Изменить стиль страницы

— Да разве мы виноватые? Я-то ладно, а вам ведь по лесу ходить, зверя-птицу добывать, вы-то как станете? Без хлебушка родимого человек на ровном месте спотыкаться почнет, а вам охотиться…

— Не печалуйся, мама. Добудем в лесу мяса, достанем рыбы. Этот год продержимся, чего там. Здоровье бы не подвело, а уж ноги выручат…

— Не надо, Марья, не ной, — сурово сказал отец. — Раз такое дело… коли сами решили… Пусть. Посмотрим.

Васька Зильган отворил комбеду свою пустую житницу туда и свезли первые мешки хлеба на одноколке.

Отец, когда узнал, где станет храниться страховой фонд, только фыркнул, по удержался, ничего не сказал.

С выходом в лес Федор замешкался, надо было заодно уж и в других деревнях собрать хлеб и разделить особо нуждающимся, комбед так комбед. Потому отец пошел в лес один. Сказал, что пока Федора будет ждать, наладит силки да ловушки.

— Коли люди выбрали, тут уж… придется постараться для общества, да. Но особо не задерживайся, Федор. О зиме думать надо. Похоже, к Покрову уже и белка побелеет. К Покрову и приходи, с собаками. Я их пока не возьму, чего зря лес тревожить…

Вместе с Дмитрием Яковлевичем и Васькой Зильганом Федор обошел четыре деревни. Со слезами, спорами, но без драки — собрали комбедовский налог, раздали, у кого хлеба вовсе не приспели. Но большую часть собранного взяли на строгий учет и оставили на конец зимы и весну, самое трудное времечко. А ключи от житниц отдали в каждой деревне выбранному комбедовцу.
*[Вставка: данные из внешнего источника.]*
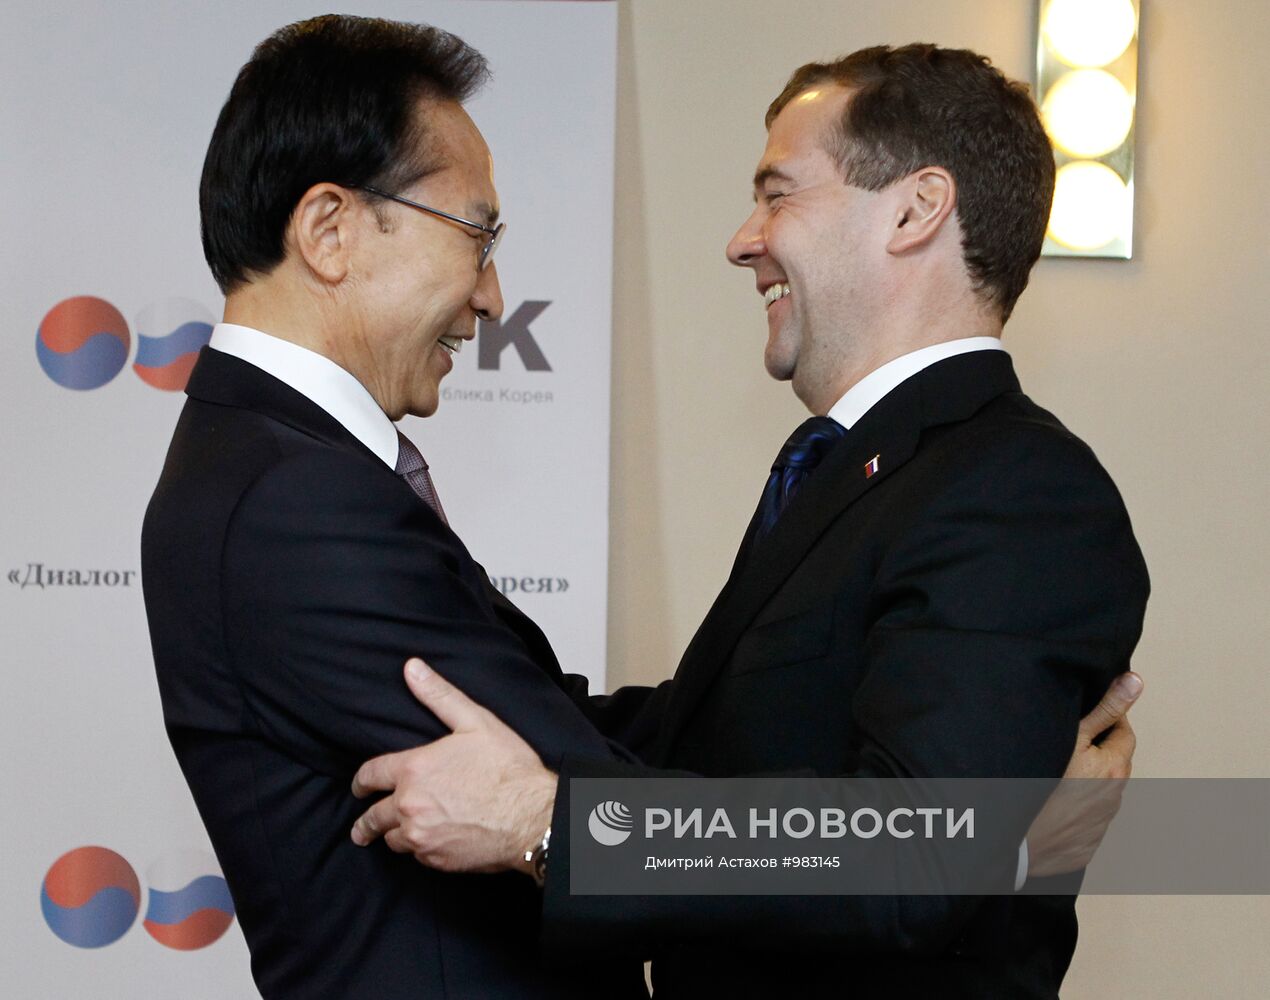 Форум "Диалог Россия - Республика Корея" в Санкт-Петербурге

Смутно и непривычно было на сердце после этих четырех деревень, после всех споров и криков, но Федор чувствовал и хорошую человеческую правоту содеянного: непомрут люди, не станут с голоду пухнуть, какой-никакой, а приварок будет у всех.

А вот как сделать, чтобы больше не было такого распределения, чтобы убрать хлебные посевы с рискованных земель, подверженных заморозкам, — вот об этом нужно было бы собраться мужикам и сообща, артельно, покумекать. Подсека в лесу под ячмень да рожь — дело хлопотное, но надо, надо устроить так, чтобы все были с хлебом. На то, думал Федор, и новая власть. Чтоб о мужике заботиться и чтоб мужик теперь жил не всякий сам по себе, а всякий — по лучшему уму-разуму…

До Покрова оставалась еще неделя, как Федору удалось вырваться в лес.

Гнев ли, тревога, грусть-печаль настигали Федора в жизни, — всегда он спешил в лес. И сразу успокаивался. Конечно, если что серьезное царапнет тебя по душе — так, сразу, царапина не заживет, посаднит, покровоточит. Не без того. Но в лесу и заботы, и тревоги, и печали как-то утишаются, отдаляются — остаются там, за спиною, в многолюдье…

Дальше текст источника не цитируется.